22. Strikebreaking,
Citizenship, and Privilege
OK, so what, so where does this get us? I think there's a few
possibilities. One is it gets us to new ways of thinking about
strikebreaking, I'm going to make a huge jump here. One of the
things that we know is, about these people is that when they
get
to northern cities, not only Chicago but elsewhere, many of them
become, at first, strikebreakers. There are many strikes between
1917 and the early 1920s, and in most cases black workers do
not side with the union. In fact, I got into this at the beginning,
because I was interested in strikebreaking. And in the early
20th century, employers were looking often looking for strikebreakers.
But it gives us a new way of thinking about strikebreakers because
for a long time, anybody who, any blacks especially, who broke
strikes, who thought about it, were considered passive.
The bane of history and English teachers is the use of the passive
voice, and here is the perfect example of how the use of the
passive
voice has structured how we thought of these people.
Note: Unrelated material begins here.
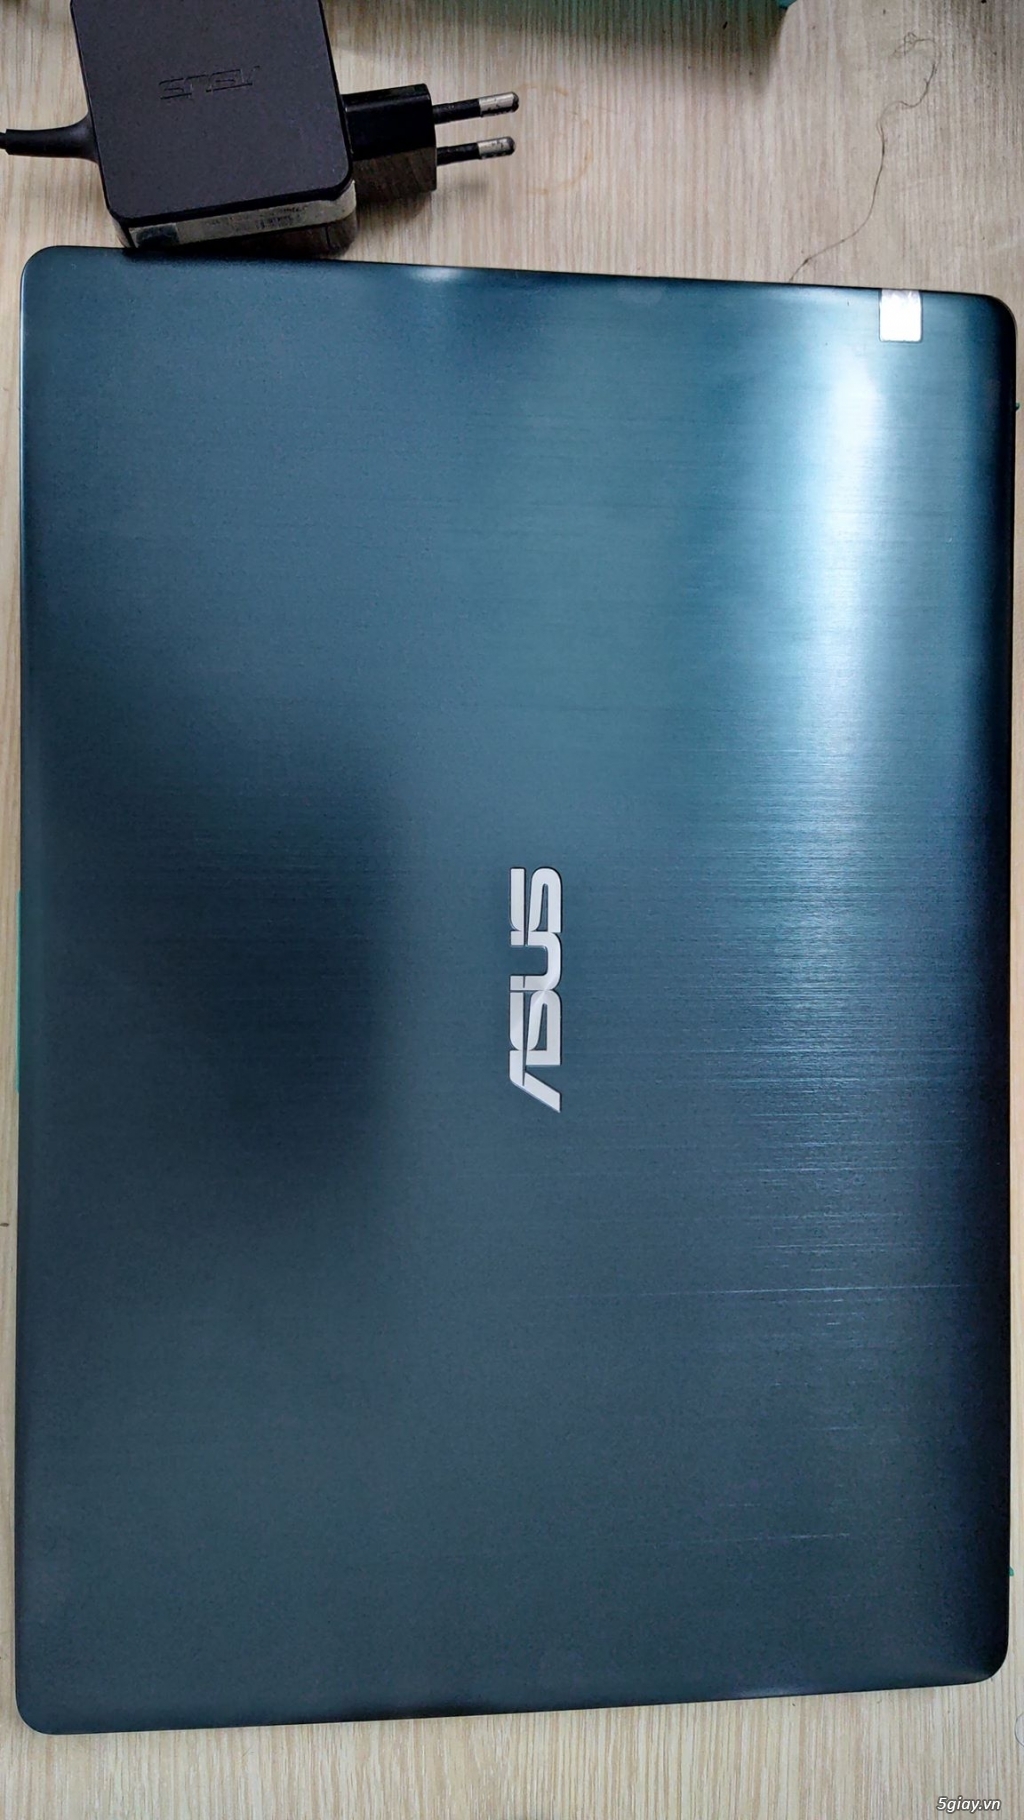 Asus Vivobook S430UA/ i3-8130U/ 8GB/ UHD Graphics 620, còn BH 2 tháng - 4

The narratives
that you see always say, "Negroes were brought in to break
the strikes, Negroes were used to break the strike." In
other words, the impression always is that black people somehow
were
just these people sitting around and somebody went and gathered
them all up and brought them in to break these strikes. And
what
we realize is that if the migration process itself wasn't passive,
that they had all of this active decision making, that these
people made
all of these kinds of-the process of weighing this versus that,
how is it that they would suddenly get trucked into someplace
to break a strike without thinking about it? It's very unlikely.
The focus on citizenship, I think helps us to understand the
communities' political struggles. It helps us to understand
the
difference between, and now I'm going to go back to that word
privilege, "wanting all the privilege that the whites had",
the
phrase one keeps seeing and wanting to be with whites. Because
one of the things that comes out of the civil rights movement,
especially in the fifties and the early sixties is a sense, especially
among many whites, that what the civil rights movement is about
is black people wanting to be with white people, that that's
what integration is all about. And if you go back to the Great
Migration,
what you realize is that that's not what they meant by privilege.
What they meant by privilege was access. Integrated schools,
for
example, seems to have been be a goal not because of the simple
desirability of a mixed classroom, but because it was very easy
to figure out that the presence of white children in the school
signals the provision of resources. And if you were coming from
the South you especially understood that.
It also helps us to understand what happens when some of these
goals are frustrated, so for example, when the right to vote doesn't
translate to political power or when advancement in the workplace
has its very clear limits, which I think helps us to understand
much more the appeal of Marcus Garvey in 1920s and eventually
the dynamics of the civil rights movement.